• _Exercise description_
Having found the line containing "Tamiya - WT-01 Chassis - Manual - Page 2" in the records below, copy that line and each later one exactly, dropping pictures.

• _Data supplied_
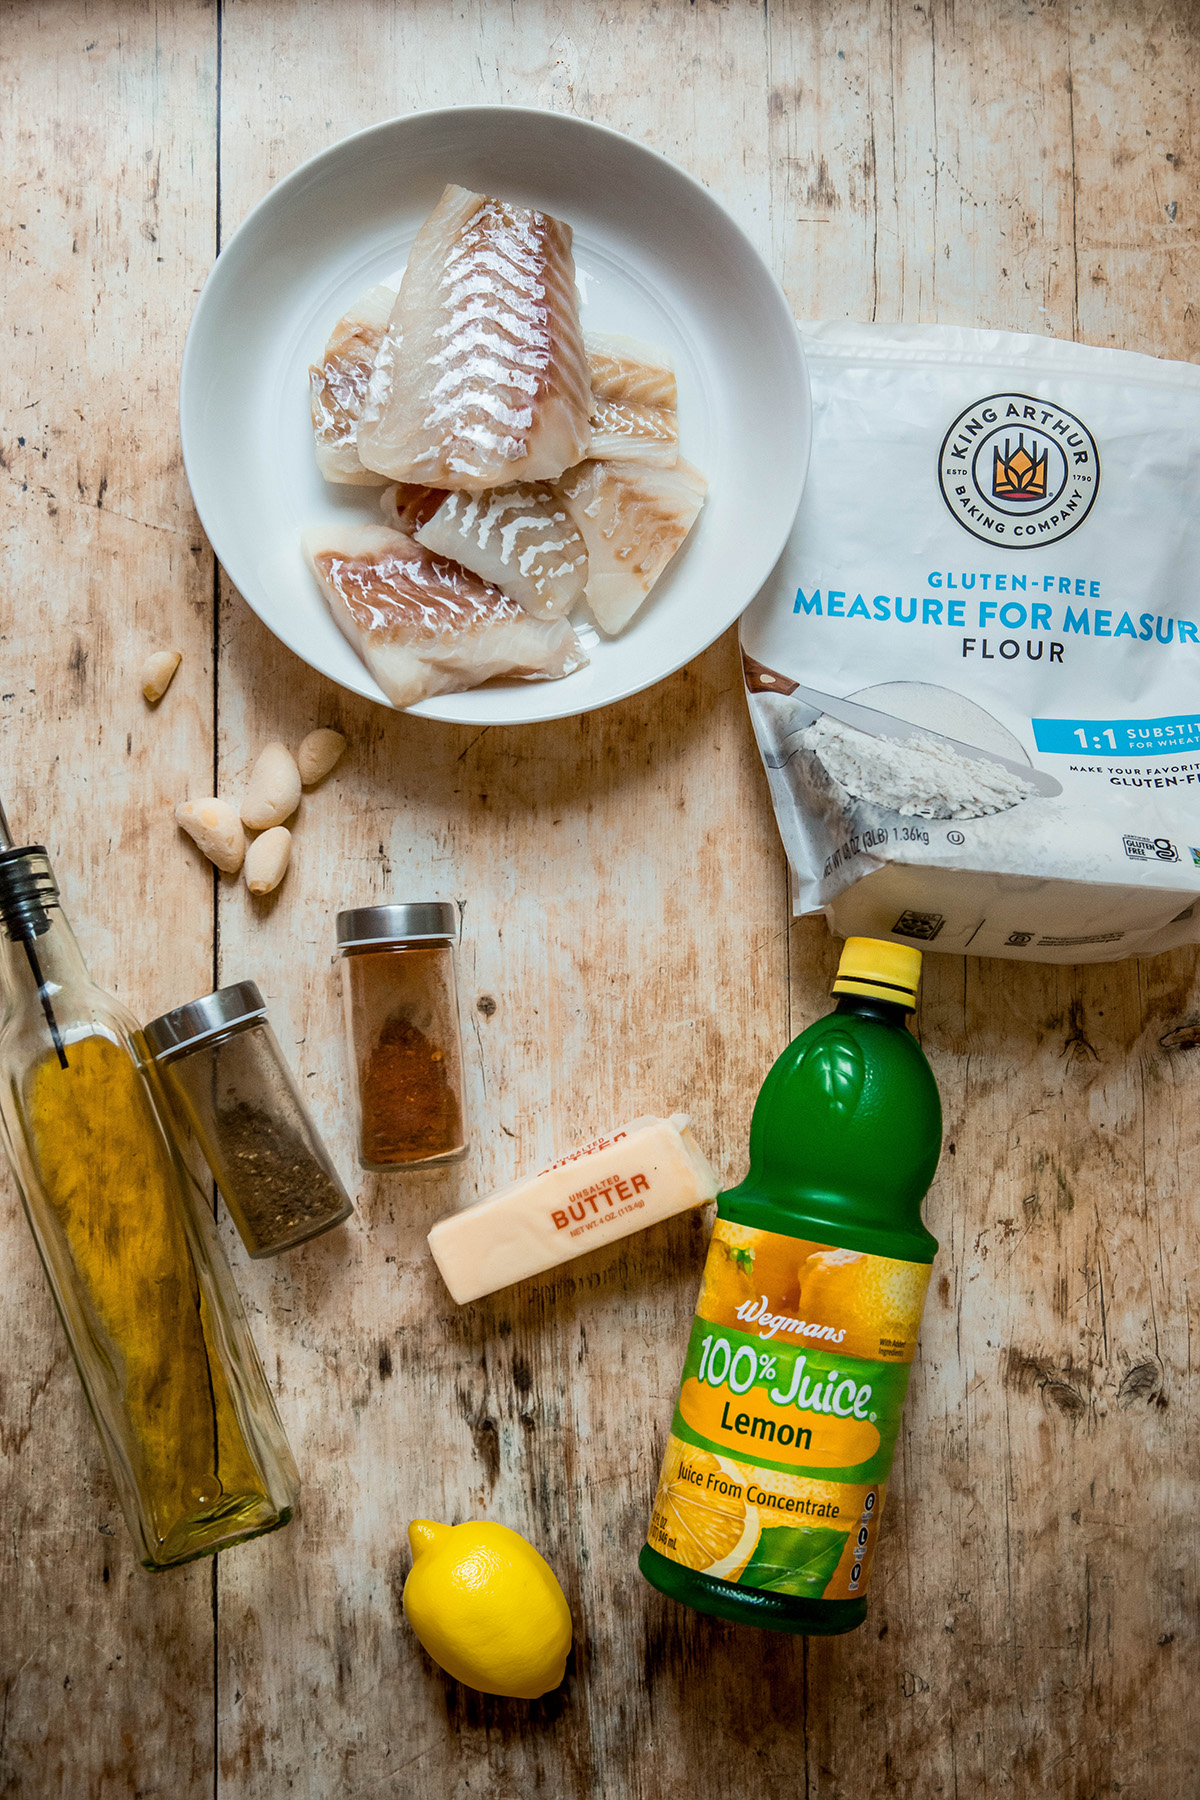 Easy Mediterranean Cod: Baked Fish Recipe with Lemon ingredients
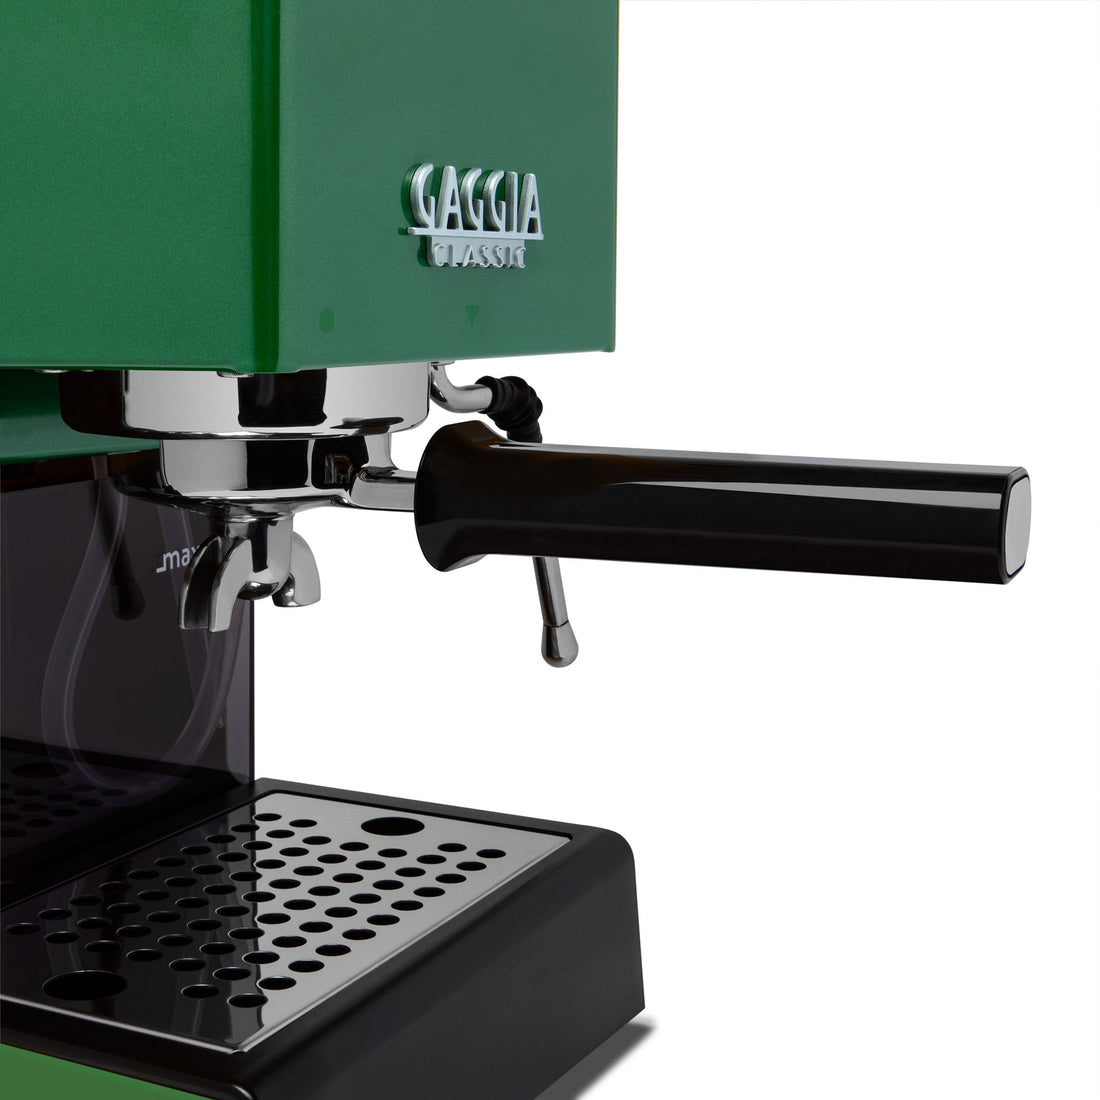 Gaggia Classic Evo Pro Espresso Machine in Jungle Green with Walnut
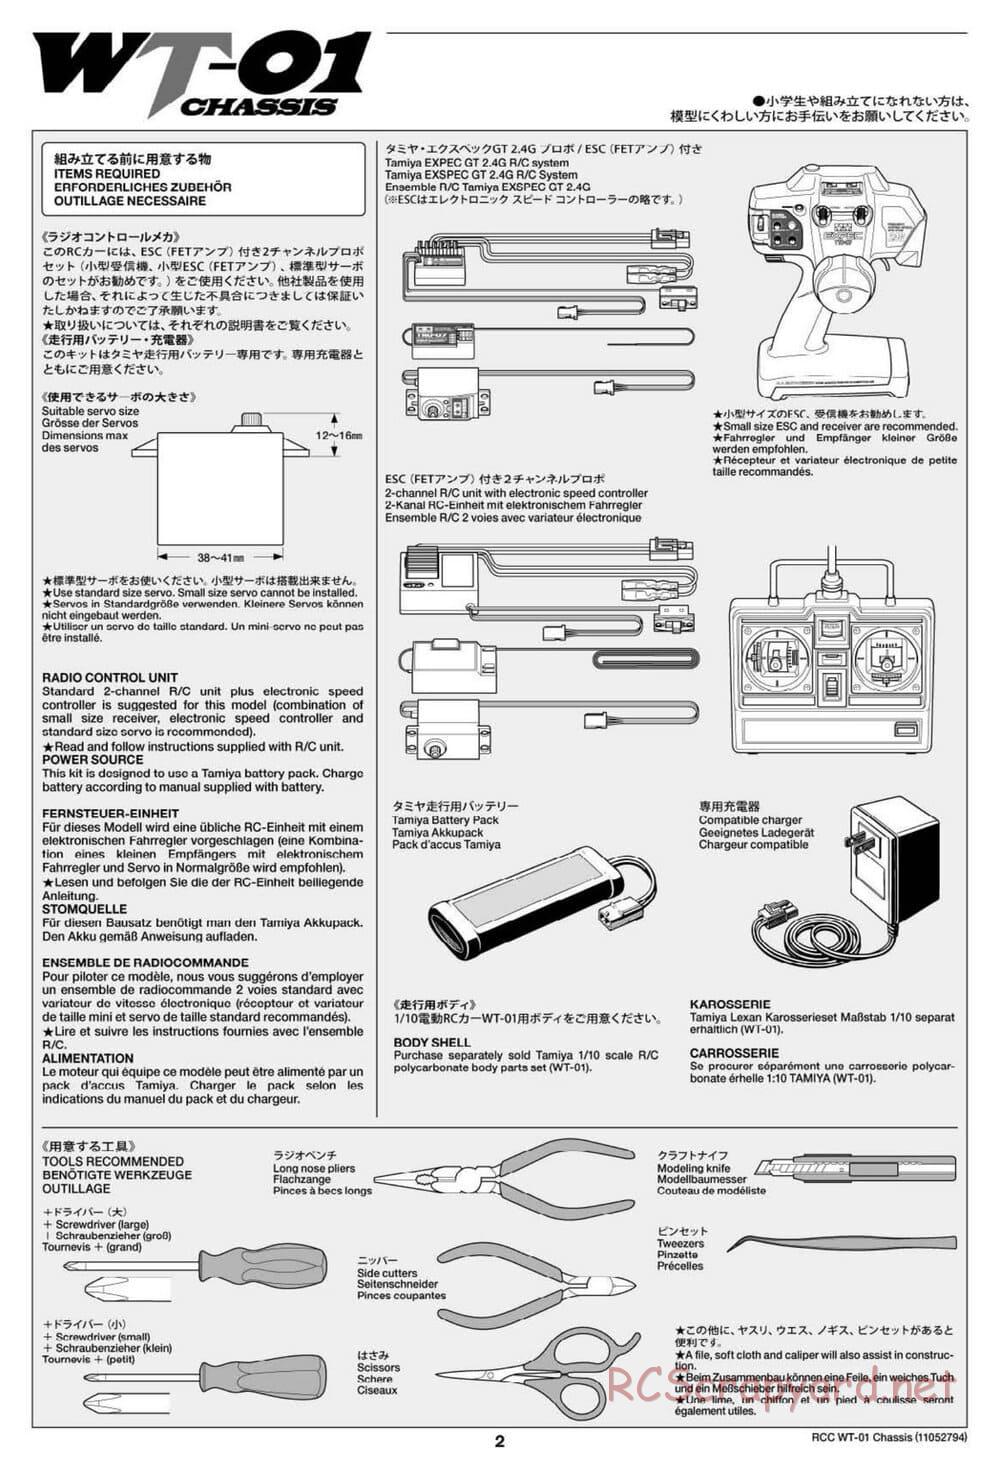 Tamiya - WT-01 Chassis - Manual - Page 2
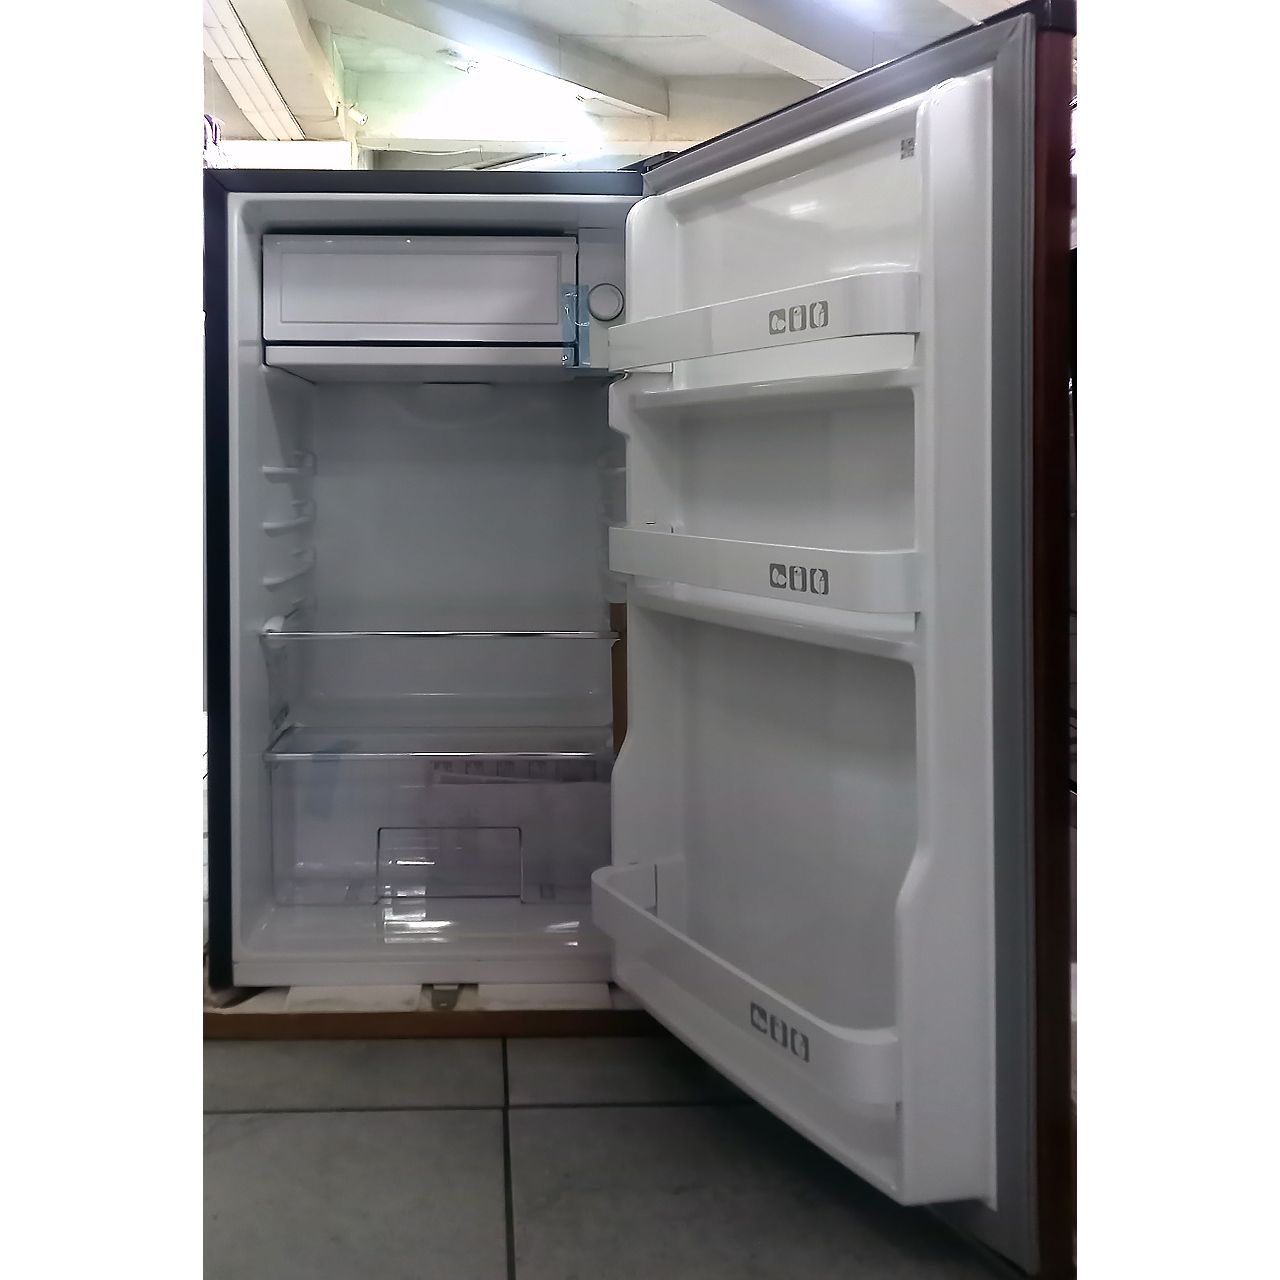 Холодильник однокамерный Artel 90 литров
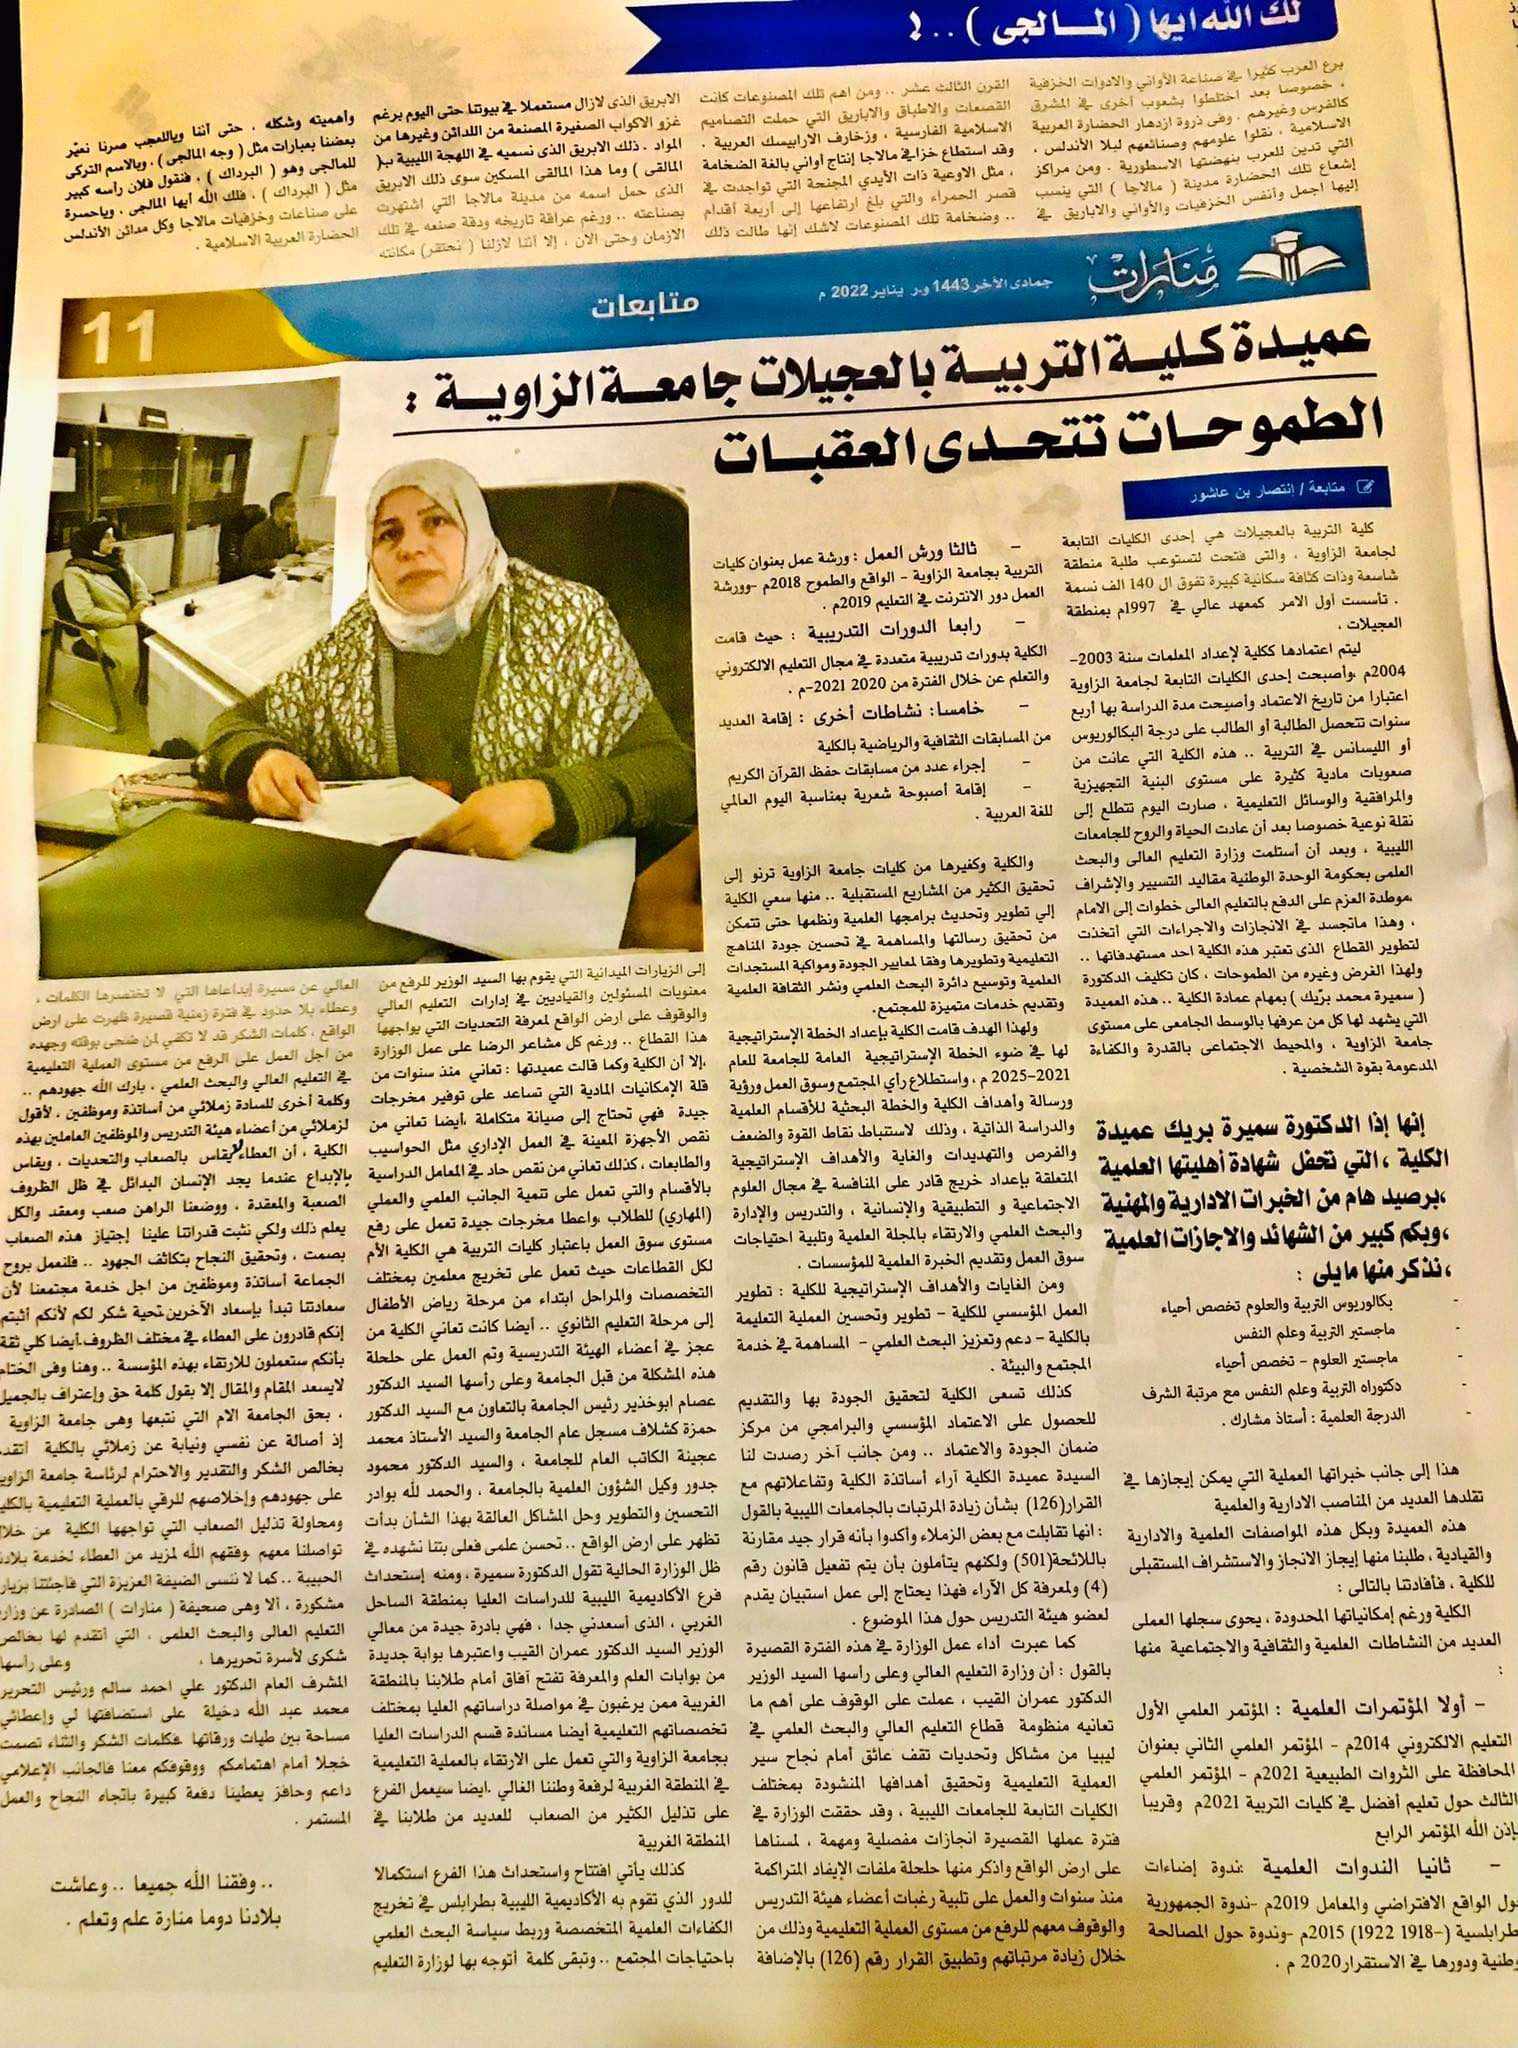 اللقاء الصحفي لعميدة كلية التربية العجيلات الدكتورة سميرة محمد بريك بجريدة منارات

• _Task answer_
 Tamiya - WT-01 Chassis - Manual - Page 2
 Холодильник однокамерный Artel 90 литров
 اللقاء الصحفي لعميدة كلية التربية العجيلات الدكتورة سميرة محمد بريك بجريدة منارات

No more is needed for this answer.